Cuong’s origami is surprisingly lifelike, as opposed to the traditional, stylistic variety (think paper cranes). It all begins with an idea. “For some, origami is a means of relaxation. For me, the joy is in the process of thinking up an idea and then figuring out how to execute it. I’m engrossed by it even though it can sometimes give me a headache. You always have to think many steps ahead, analyzing whether making a crease here or there is going to show on the final product. For instance, to create the shark, I had to work out how to make everything from the fins to the teeth to how to make the eyes stand out. Then it’s on to experimenting, using dozens of practice sheets and trying something hundreds of times to get each individual technique right. Before I started, I thought the most challenging part would be the head because it was the most detailed and I wanted to make it look realistic and wild but afterwards, it was actually getting the proportions of the body and tail just so that was most difficult.”

Another one of his favorite pieces is the gorilla which he recently redesigned four years after the original. “I love it not just for its features but the way I’ve been able to capture its posture and teeth-baring ferocity. It’s not just pretty to look at but the process was enjoyable. I could fold and refold it many times without getting tired of it.”

origami

Cuong uses large single sheets of Vietnamese tree bark paper known as giay do, similar to Japanese washi, for his work, sometimes adding a layer of glue for stability. For more structural pieces, like the wave beneath the shark, he used thick watercolor paper with a layer colored paper. “The materials for the shark and wave only cost about VND60,000 but it took about 35 hours to create.”

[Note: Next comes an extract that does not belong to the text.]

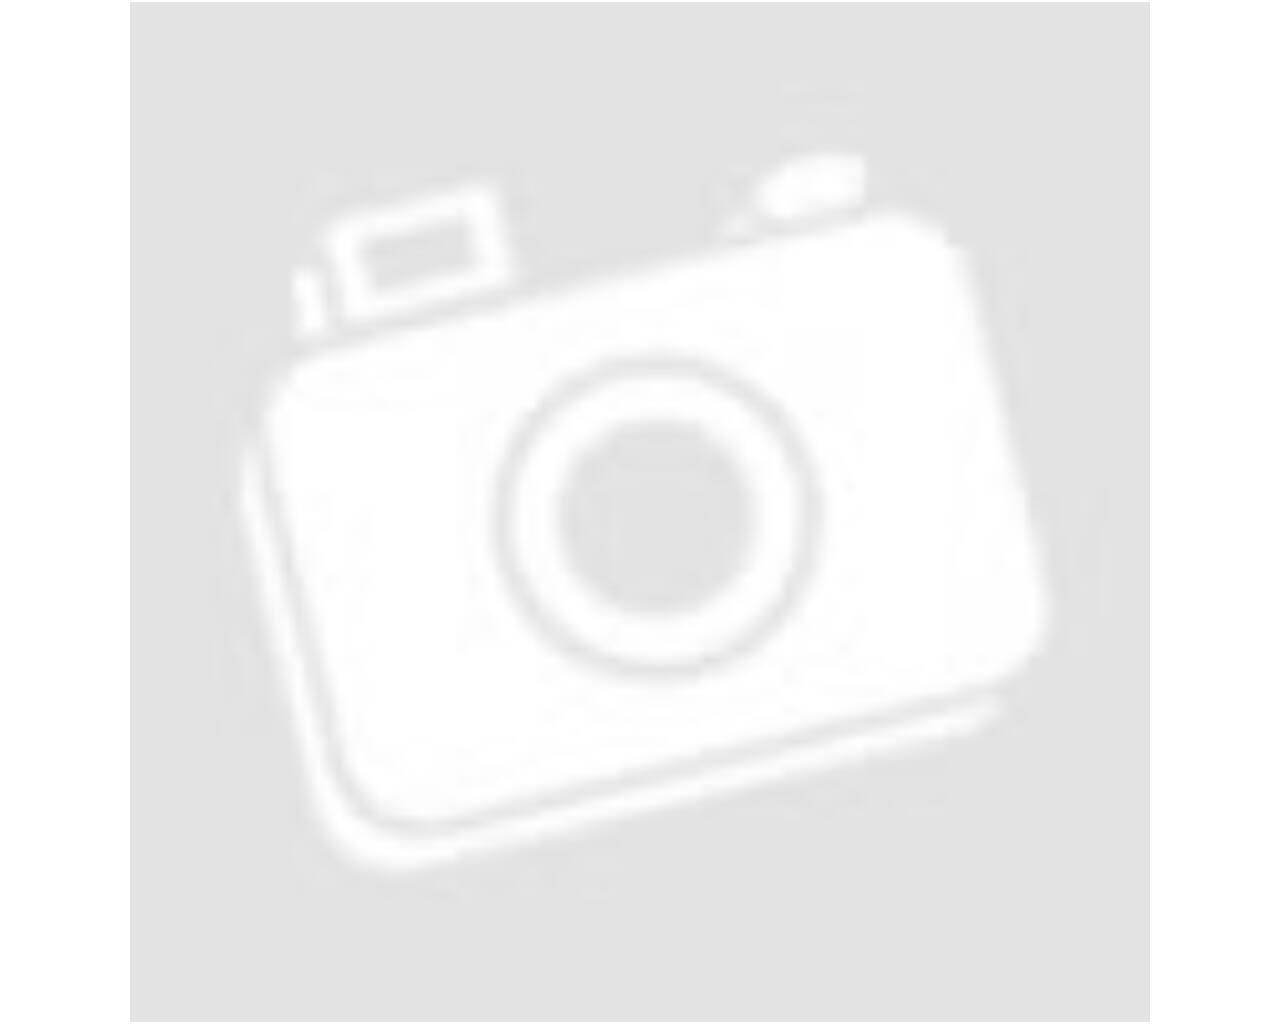 Zass ventilátor, 45 W, 3 sebesség, 40,6 cm, fehér

Is monetizing his work in the cards? “I’m not really interested in selling my work because there’s not much of a market for it,” he says. “On the other hand, some people want to buy my work for cheap. They don’t realize how much time goes into each creation. Sometimes my friends and neighbors will ask me to make things for them but I don’t do it often because I only give away really nice ones. It’s also hard to mass create these. Even after figuring out how to do something, like with the shark, it’s not necessarily easier to make the second time. It’s still more art than science.”